• Problem statement: With the pictures left out, print exactly the lines below that run from the one containing "Health benefits of" through the one containing "kufrland americantourister modern".

• Excerpted records:
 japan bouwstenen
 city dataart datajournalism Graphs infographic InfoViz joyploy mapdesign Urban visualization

* * *

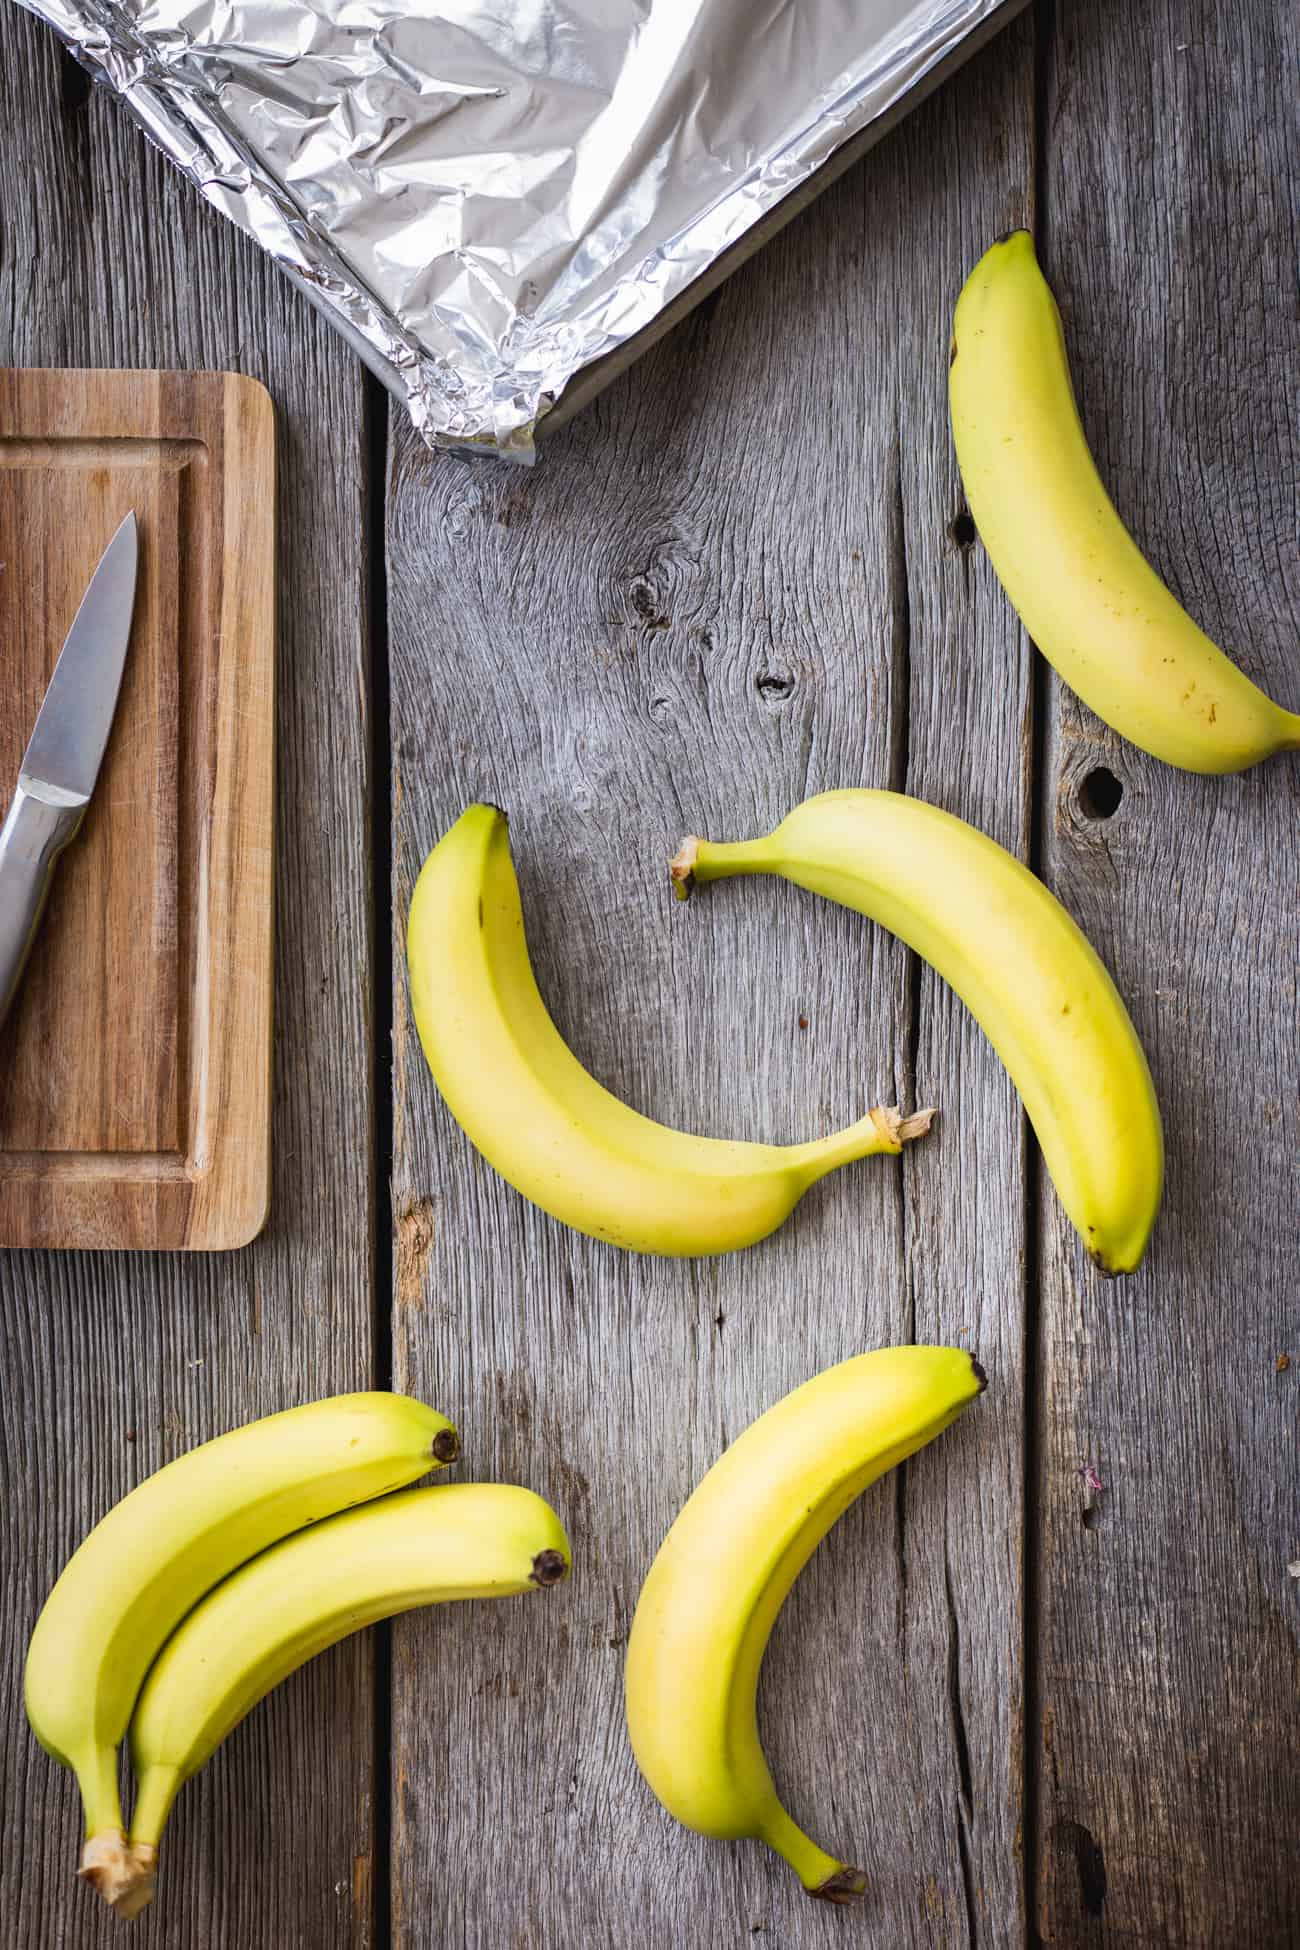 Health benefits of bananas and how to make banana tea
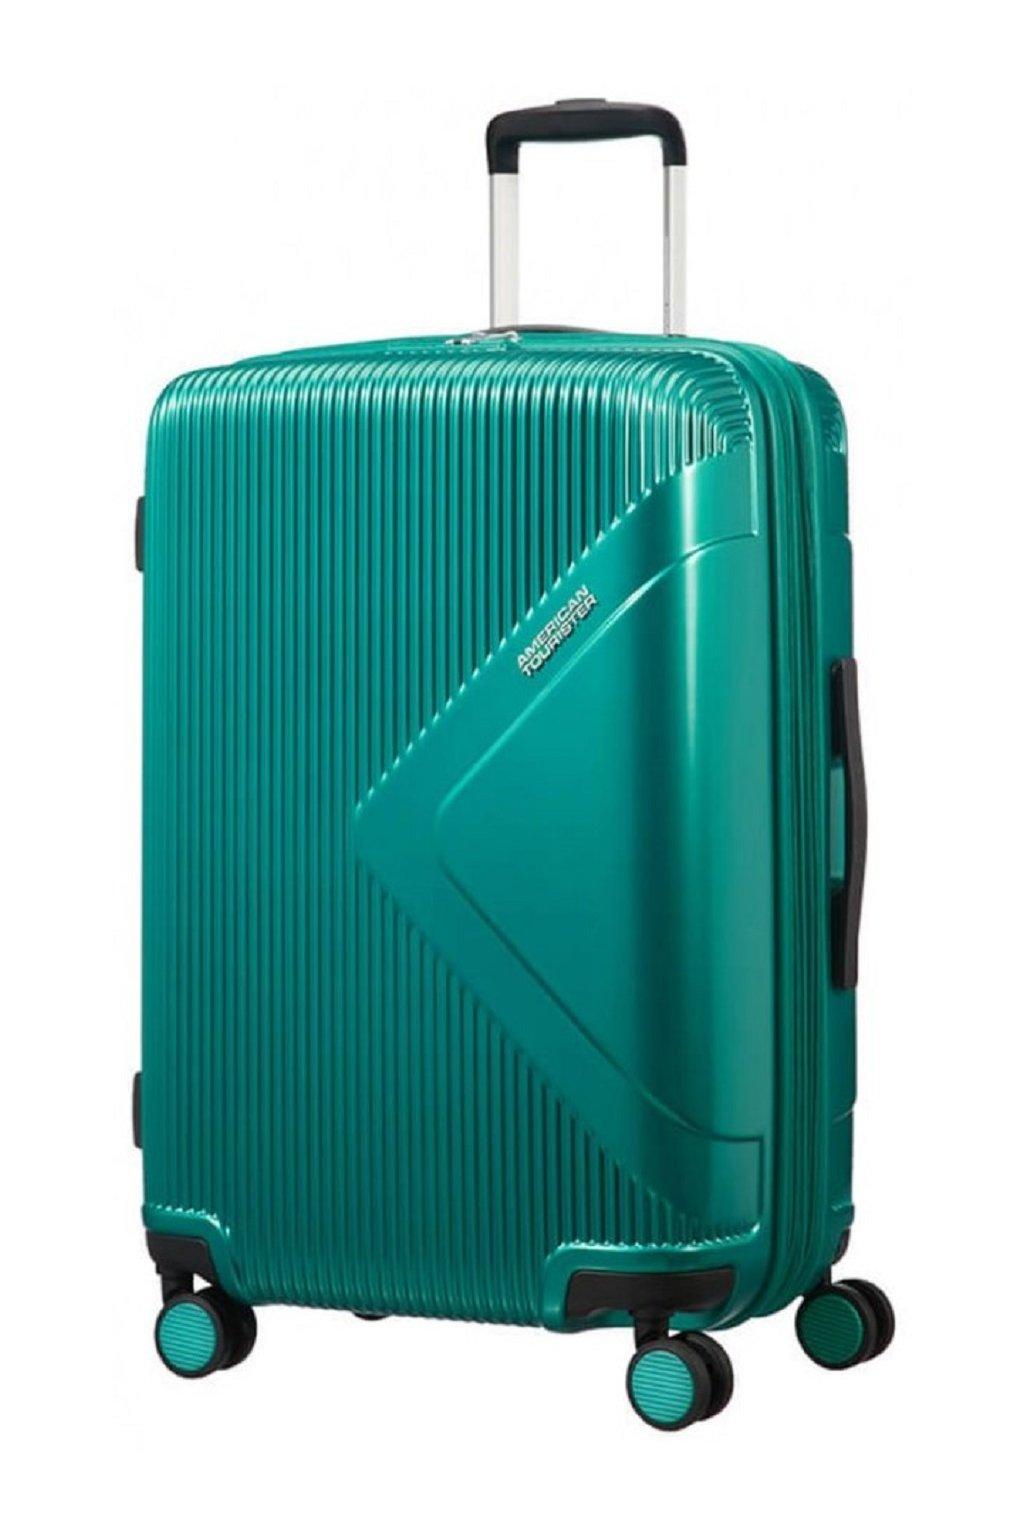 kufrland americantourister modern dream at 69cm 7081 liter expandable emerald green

--

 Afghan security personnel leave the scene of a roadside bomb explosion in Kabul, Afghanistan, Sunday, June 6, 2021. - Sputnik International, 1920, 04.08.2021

• Task solution:
 Health benefits of bananas and how to make banana tea
 kufrland americantourister modern dream at 69cm 7081 liter expandable emerald green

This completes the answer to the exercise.